IEEE Trans Cybern. 2016 Feb;46(2):487-98. doi: 10.1109/TCYB.2015.2404432. Epub 2015 Feb 27.
Saliency detection models aiming to quantitatively predict human eye-attended locations in the visual field have been receiving increasing research interest in recent years. Unlike traditional methods that rely on hand-designed features and contrast inference mechanisms, this paper proposes a novel framework to learn saliency detection models from raw image data using deep networks. The proposed framework mainly consists of two learning stages. At the first learning stage, we develop a stacked denoising autoencoder (SDAE) model to learn robust, representative features from raw image data under an unsupervised manner. The second learning stage aims to jointly learn optimal mechanisms to capture the intrinsic mutual patterns as the feature contrast and to integrate them for final saliency prediction. Given the input of pairs of a center patch and its surrounding patches represented by the features learned at the first stage, a SDAE network is trained under the supervision of eye fixation labels, which achieves both contrast inference and contrast integration simultaneously. Experiments on three publically available eye tracking benchmarks and the comparisons with 16 state-of-the-art approaches demonstrate the effectiveness of the proposed framework.

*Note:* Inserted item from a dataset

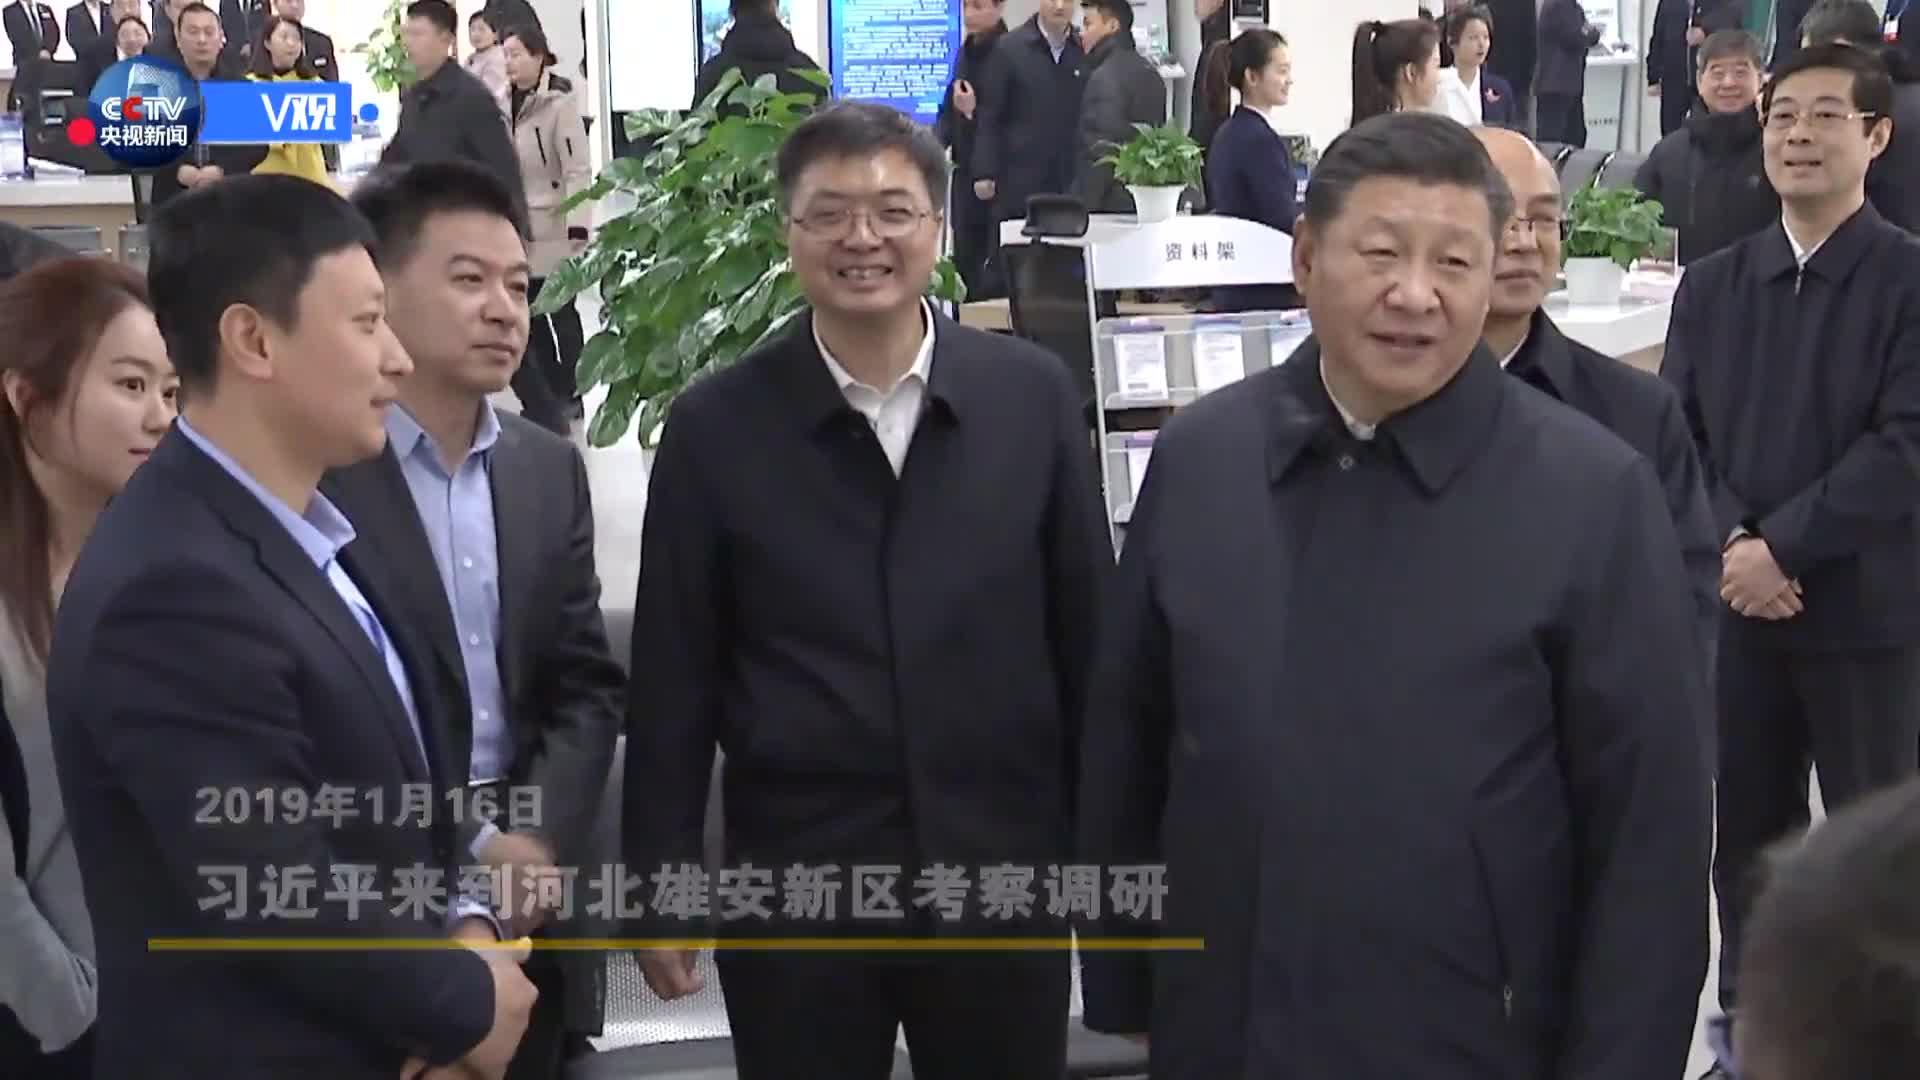 [视频]习近平:希望你们把握雄安千载难逢的发展机会
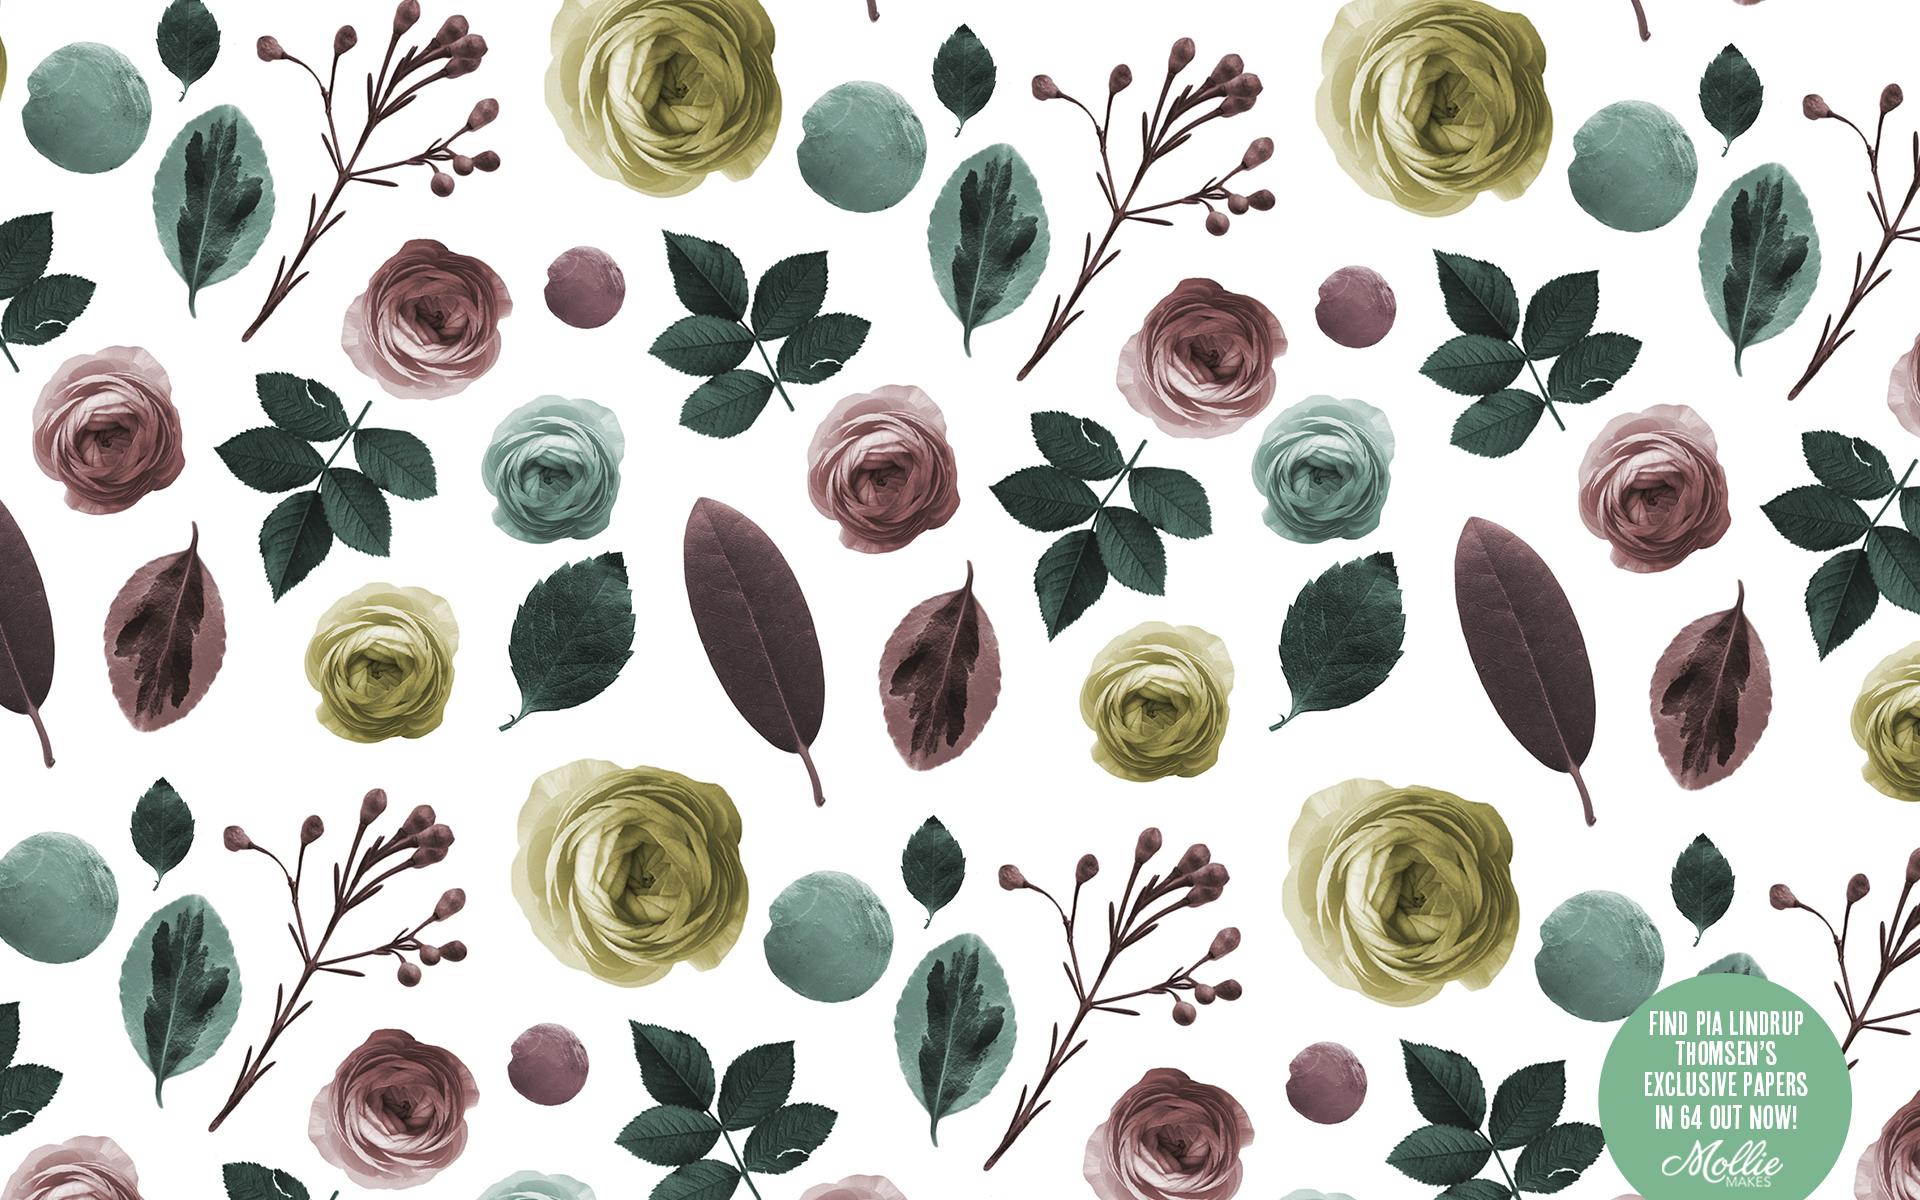 Vintage Wallpaper Vintage Floral Desktop Wallpaper Floral Wallpaper Desktop 1920x1200 Download Hd Wallpaper Wallpapertip

近年来,旨在定量预测人眼在视野中注视位置的显著度检测模型受到了越来越多的研究关注。与传统方法不同,传统方法依赖于手工设计的特征和对比度推理机制,本文提出了一种使用深度网络从原始图像数据中学习显著度检测模型的新框架。该框架主要由两个学习阶段组成。在第一学习阶段,我们开发了一个堆叠去噪自动编码器(SDAE)模型,以在无监督的情况下从原始图像数据中学习稳健、有代表性的特征。第二学习阶段旨在联合学习最优机制,以捕获特征对比度的内在相互模式,并将它们集成起来进行最终的显著度预测。给定由第一阶段学习的特征表示的中心补丁及其周围补丁对的输入,在眼动标记的监督下训练 SDAE 网络,同时实现对比度推理和对比度集成。在三个公开的眼动跟踪基准上的实验和与 16 种最先进方法的比较表明了该框架的有效性。